Nesse caso, é normal que o ensaio tenha uma pausa para que os pesquisadores façam contas. Quando a suspeita é descartada, geralmente o trabalho é reiniciado em alguns dias. Caso essa relação de causa e efeito tenha um número e um peso que possam interferir na segurança dos pacientes, o estudo é interrompido.
E ainda: caso os resultados entre o grupo “intervenção” (que tomou o medicamento) e o grupo “controle” (que tomou placebo) tenham números muito parecidos, ou “perto da linha de nulidade”, o estudo é interrompido, simplesmente porque não vale mais a pena investir para que seja estudado com mais profundidade.
Tudo isso para dizer que o aneurisma não teve nada a ver com a vacina. Foi, provavelmente, causado pela queda ou simplesmente já estava lá para ser descoberto a tempo de não romper.
Mistério esclarecido
Em março deste ano, ao fim dos estudos, o mistério da dose que recebi em novembro de 2020 foi desvendado. Em mais uma visita ao território Janssen, soube que havia tomado a vacina mesmo. E ganhei de brinde uma sacolinha e uma carteirinha de vacinação que só ganha quem participou do consórcio “Ensemble”, responsável pela pesquisa em todo o mundo.

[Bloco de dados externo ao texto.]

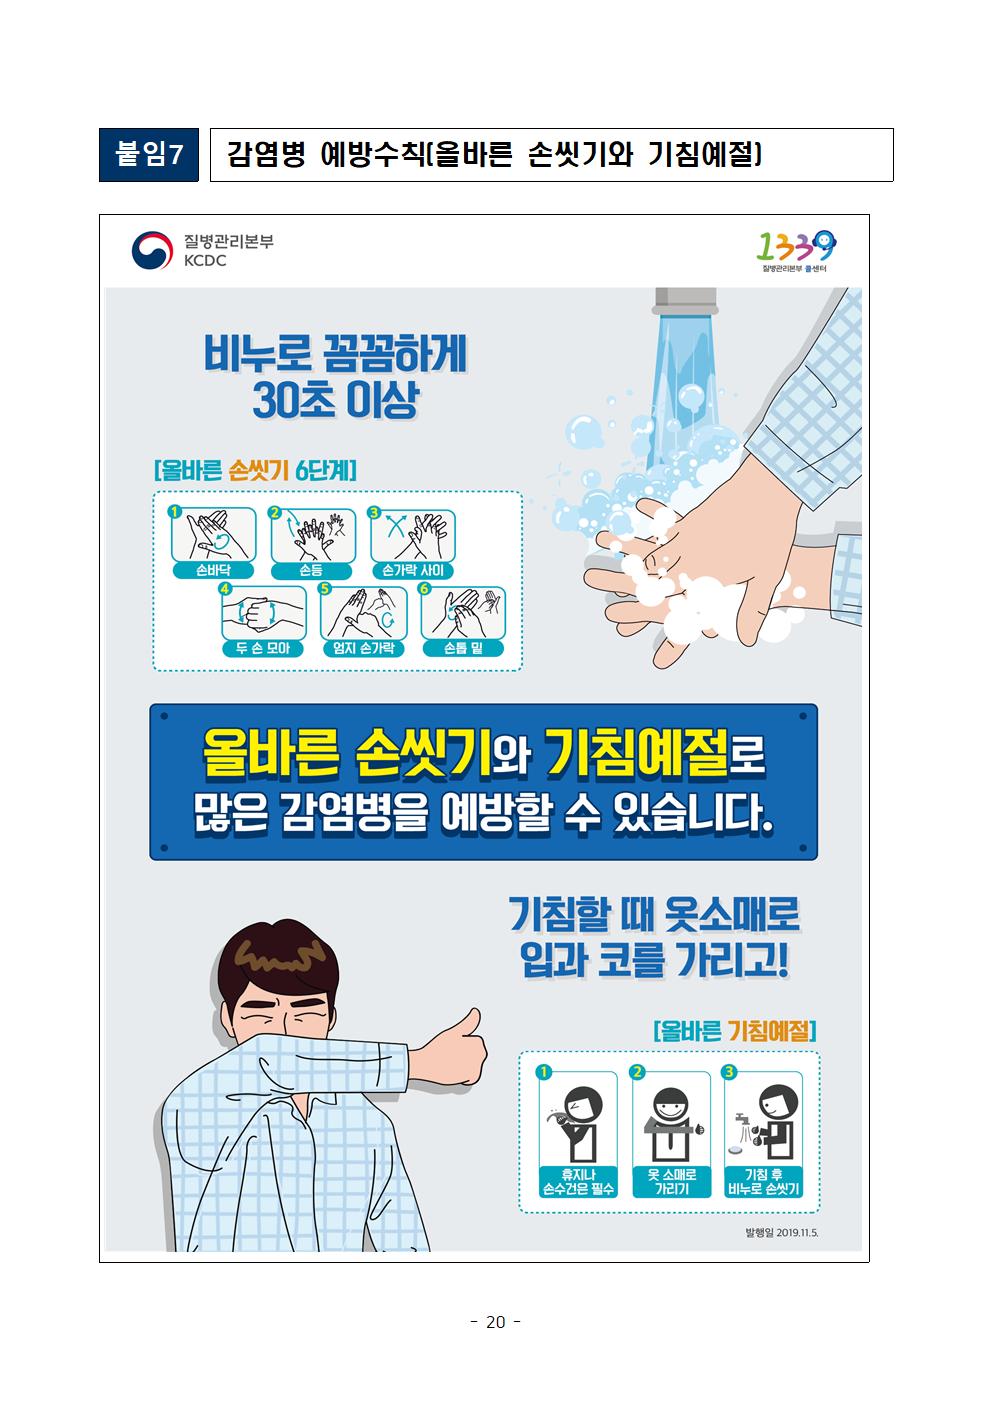 2021학년도 학교별 입학전형 안전관리 계획_한국게임과학고(홈페이지게시)022

Quem recebeu placebo lá no início dos testes tomou a vacina assim que os computadores revelaram em qual dos grupos eles estavam.
Muita gente me chamou de “corajosa”, “heroína”, “mulher maravilha” por ter entrado como voluntária em um ensaio clínico. Que nada. Quanto mais gente participar desses testes e levá-los a sério (sem abandoná-los, por exemplo), mais a ciência conseguirá probabilidades positivas da eficácia e eficiência de remédios, vacinas, intervenções não invasivas e, acima de tudo, melhorar da qualidade de vida.
Seja bem-vinda ao Brasil, Janssen. Sejam bem-vindas todas as vacinas bem elaboradas, bem testadas e principalmente aprovadas por órgãos competentes de avaliação clínica em todo o mundo. Elas representam um alento para barrar várias doenças. E a Covid-19 é, sem dúvida, a que mais nos preocupa no momento.